The aims of good management of JIA are to prevent joint destruction, and promote growth and development and management of complications. Effective management of JIA needs a multidisciplinary team approach with inputs from a pediatric rheumatologist, who will liaise with the local general pediatrician or general physician ophthalmologist, nurse specialist, physio-therapist, occupational therapist, orthopedic surgeon, podiatrist, clinical psychologist and social worker.
The medications used to treat JIA are divided into first-line agents, second-line agents, immunosuppressive agents, biologicals and steroids.
1. Medical Treatment:
The aim of treatment is to stop or slow down the progress of inflammation, thus relieving symptoms, improving function, and preventing joint damage and other complications.

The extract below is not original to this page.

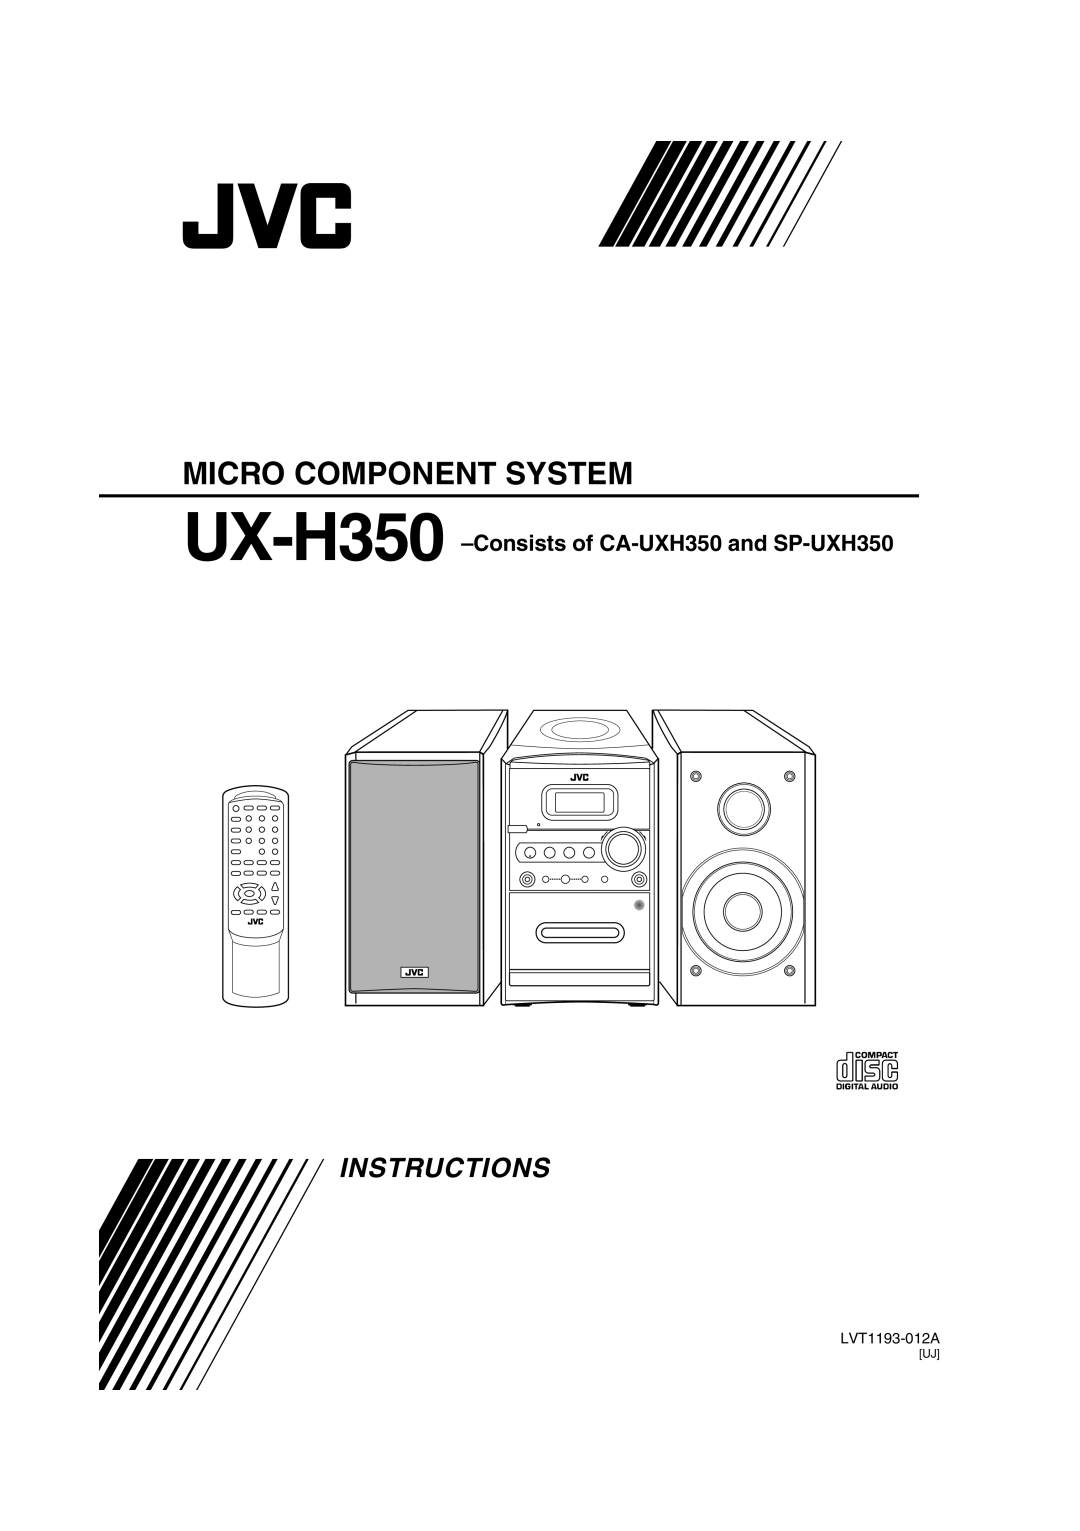 JVC UX-H300 manual Micro Component System, Instructions, UX-H350 -Consistsof CA-UXH350and SP-UXH350, LVT1193-012A 
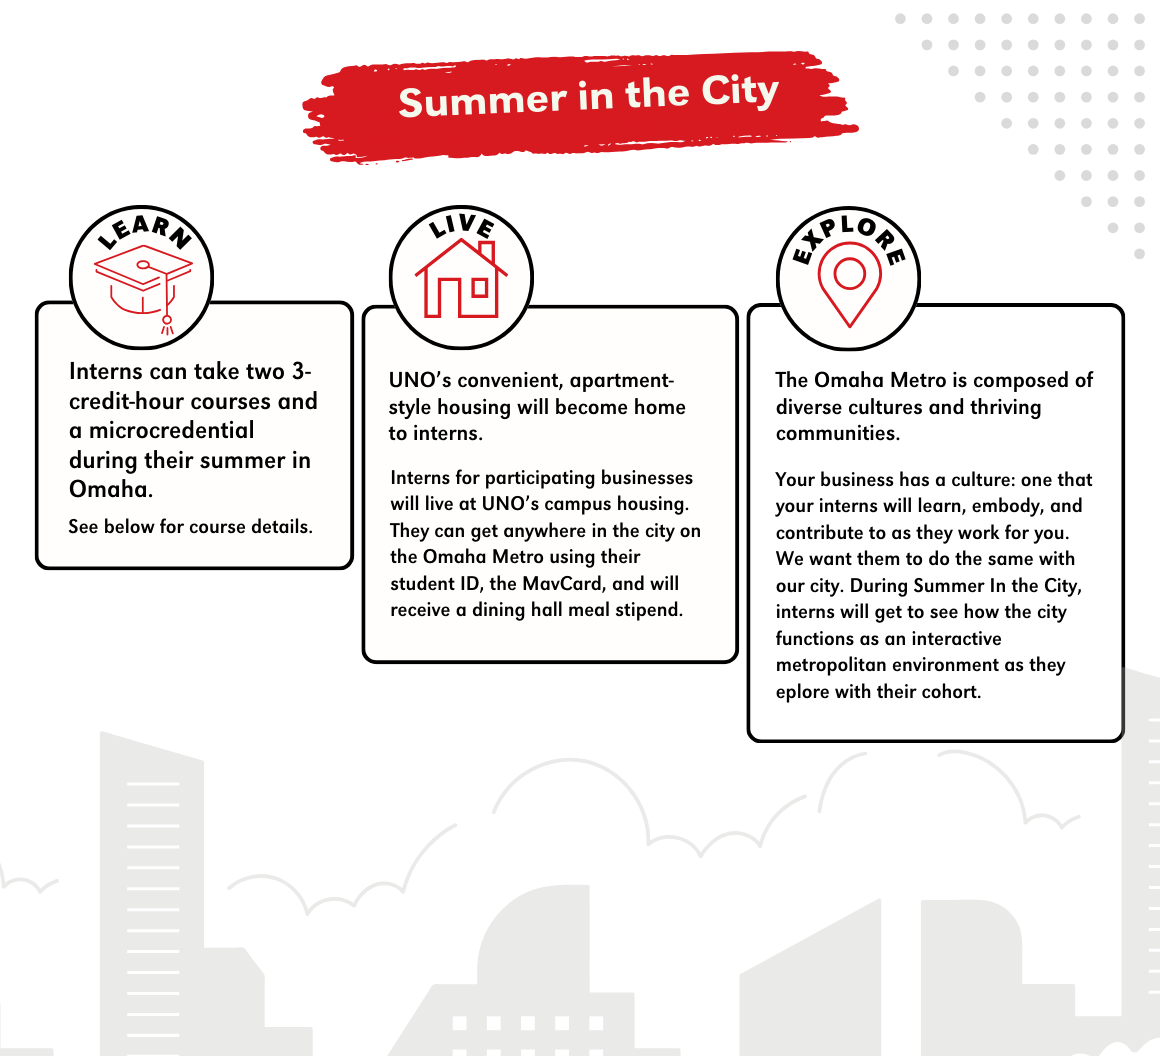 Summer in the city learn, live, explore objectives

DMARD (Disease Modifying Anti Rheumatic Drugs) -
- Anti inflammatory agents (NSAIDS) – Nonsteroidal Anti-inflammatory Agents (NSAIDs) decrease inflammation by inhibiting the synthesis of prostaglandins Naproxen, Ibuprofen, Diclofenac sodium. Half of the children who respond to NSAIDs do so after 2 weeks and two thirds by a month; thus if a patient has minimal response, it may be advantageous to change to an NSAID of another chemical class after a month.
- Corticosteroids –. Steroids can be used either orally, by injections or direct administration in the joints depending on the severity of the condition. They are generally to be used when high fever is not responding to NSAID specially systemic JIA with pericarditis, severe uveitis or rapidly progressing JIA.
2. Supportive measures:
- Of current therapies, once a week low dose methotrexate has emerged as the therapeutic agent of choice for children who fail to respond to adequate administration of an NSAID. In the low doses used in the management of arthritis, the drug is an anti-inflammatory and probably a remittent or disease modifying drug. Its efficacy is usually evident 2-3 months after starting treatment. The child needs regular blood tests while on this medicine to screen for side effects.
- Biologic drugs, such as such as Etanercept, Infliximab, and related drugs that block high levels of proteins that cause inflammation can also be used.
- Cytotoxic drugs: Cyclophosphamide, azathioprine, can be used in intractable cases.
Rest and Exercise
3. Maintenance of joint function:
- Most children require 8 hours of sleep each night and often need one or more 30-minute rest periods during the day. Splints may be used to prevent contractures and deformities. Isometric exercise is the strengthening technique of choice in patients with active synovitis. Low impact activities, such as riding a bike and swimming, are also recommended. Physical and occupational therapists can assist in formulating and implementing a balanced regimen for each patient. Occupational therapy helps the child develop strategies for coping with daily life by adapting to his or her environment and using different assistive devices.
It is important for children to maintain lean body mass, because obesity places additional stress on joints, exacerbates inflammation. Studies using fish oil supplements to reduce inflammatory prostaglandins have reported encouraging data.
- Rest in bed. Use of splints to prevent contractures and deformities
- It is important for children with JRA to stay active and keep their muscles strong. Walking, bicycling, and swimming may be good activities. Children should learn to warm up before exercising.
- Physiotherapy – to maintain joint function and to prevent deformity.
Occasionally corrective surgical procedures and synovectomy (operation performed to remove partial or all the synovial membrane of a joint) may be required in severely involved joints.